There are three main centres where pedigree breeding and selection takes place. These are located in the Netherlands, where the original Bovans and Hypeco programs were located; the Normandy region of France, where ISA and its progenitors established its headqurters in the 1960s; and in Ontario, Canada, based on the Shaver farms around Cambridge. Hybrid Turkeys is also located in the Kitchener area and the Hendrix Genetics Canadian office is located where Hybrid Turkeys formerly operated. In addition, the company has a long-standing joint venture with the Venky Group in India, where the local version of the Babcock B300 has been bred for the past 30 years.

These centres conduct all of the primary breeding work for the company's products. This includes pedigree breeding, selection and reproduction, and the multiplication phase to yield grandparent stock.

In addition to these locations, which offer an extreme level of biosecurity, there are others spread around the world in which field testing of experimental crosses and progeny tests can be undertaken in commercial conditions.

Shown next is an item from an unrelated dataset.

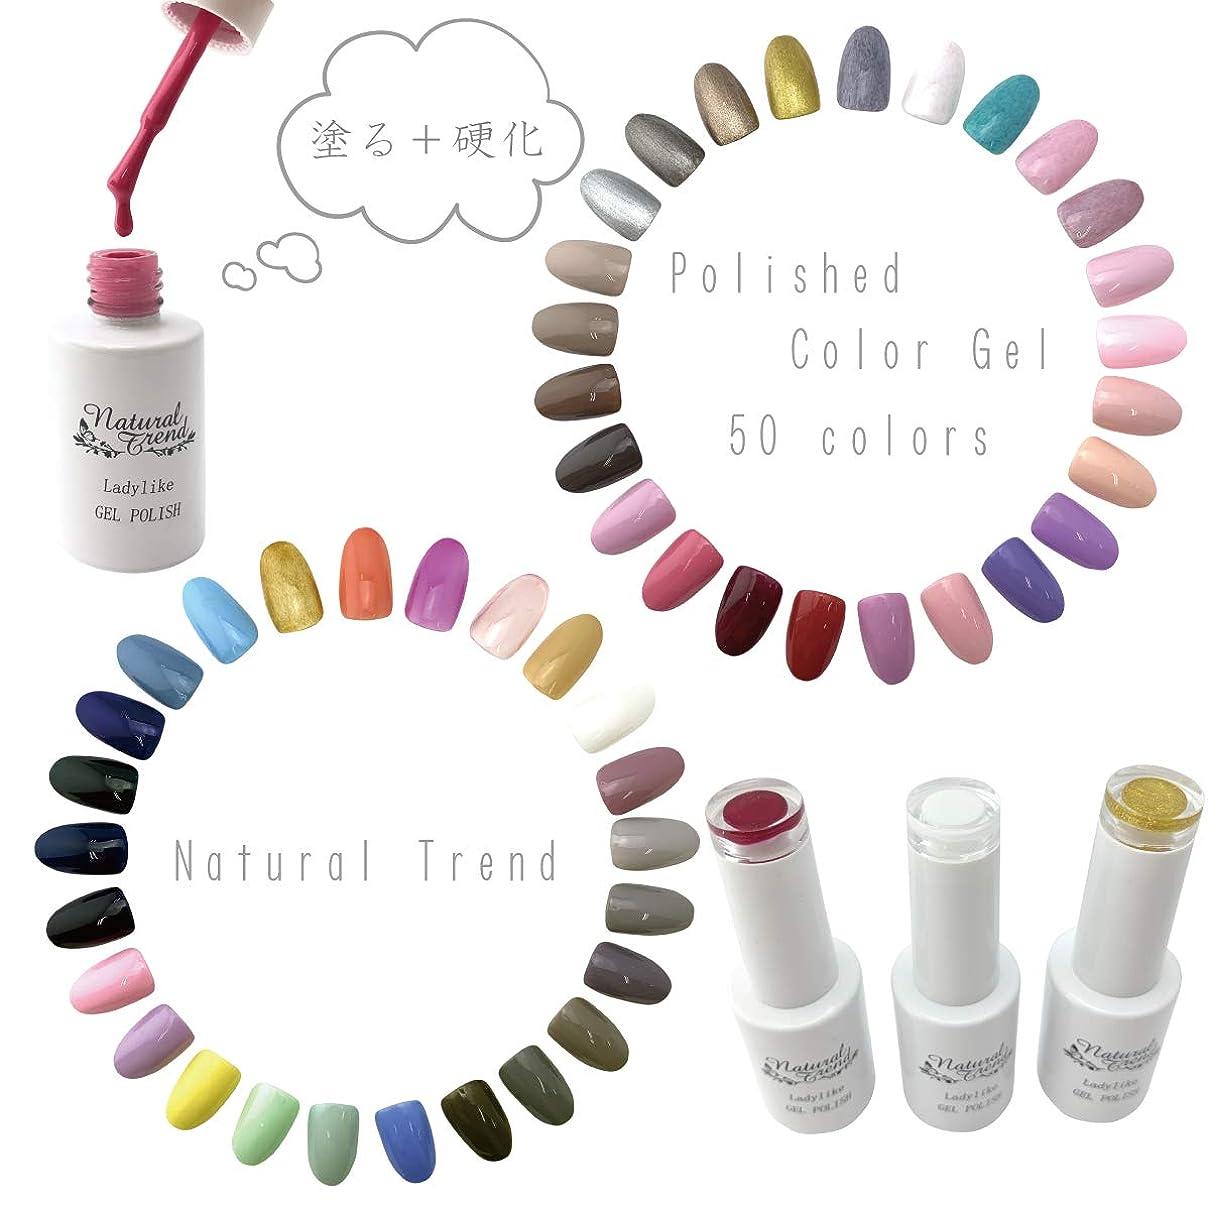 ブローアーサーコナンドイルヒロイックNaturalTrend ジェルネイル カラー 50色 8ml UV?LED ポリッシュタイプ カラージェル (02, gureju)

Although each centre has its own team of geneticists, there is a corporate Breeding Research and Technology Centre headquartered in Boxmeer that deals with overall policy and cutting edge research. I had a fascinating session with the director of this centre, Dr. Gerard Albers.  Albers has a long history in the commercial breeding business and provides wise advice to the other members of the team. In addition, Hendrix has an arrangement with University Wageningen University under which the company subsidizes a laboratory where molecular genetic testing is undertaken. Technology developed here has enabled the company to carry out genetic testing of its lines for literally thousands of genes at very low cost. They recently won a competition for funding from USDA for a comparison of genetic progress using molecular genetic techniques with that using the traditional selection programs. Total cost of this program is $10 million, and it involves scientists in the Netherlands, France, Canada, Spain, Sweden and the United States.

Although the company owns some of its distribution network in Europe, its overalll policy is to sell parent or grandparent stock to independent distributors or integrators. This is in order not to compete with potential customers. Grandparent farms under company control are strategically located in North and South America, Europe and Asia.  In addition North America is served by Centurion Farms in Georgia, which distributes parents of the Bovans brand. Parents are sold to a total of eight independent hatcheries in Canada.

While there are few independent hatcheries remaining in the U.S., Merrill's in Idaho maintains a longstanding relationship with Shaver, and this brand also recently became the preferred breed choice for MFA, a co-operative in the U.S. midwest whose 16 members control 20 million layers.

Elsewhere, many parents are sold directly to integrators and to hatchery customers who in turn produce commercial chicks, either for sale or for use in their own commercial operations.

The company has strong technical skills with which to back up sales. In recent times, the decision has been made to discontinue printing management guides for commercial products and to place all technical information on the company website. This has the benefit of avoiding printing costs, and also has the advantage of keeping information continually up to date.

In not much more than three decades, ISA has grown from a relatively small company with a limited product range, to an international giant, with a range of layers that will satisfy every possible customer. The association with Hendrix Genetics provides stability and resources. The Dutch have a long and successful history in the poultry industry. Thijs Hendrix and his team are good chicken people. It would seem that this part of the layer industry is in good hands.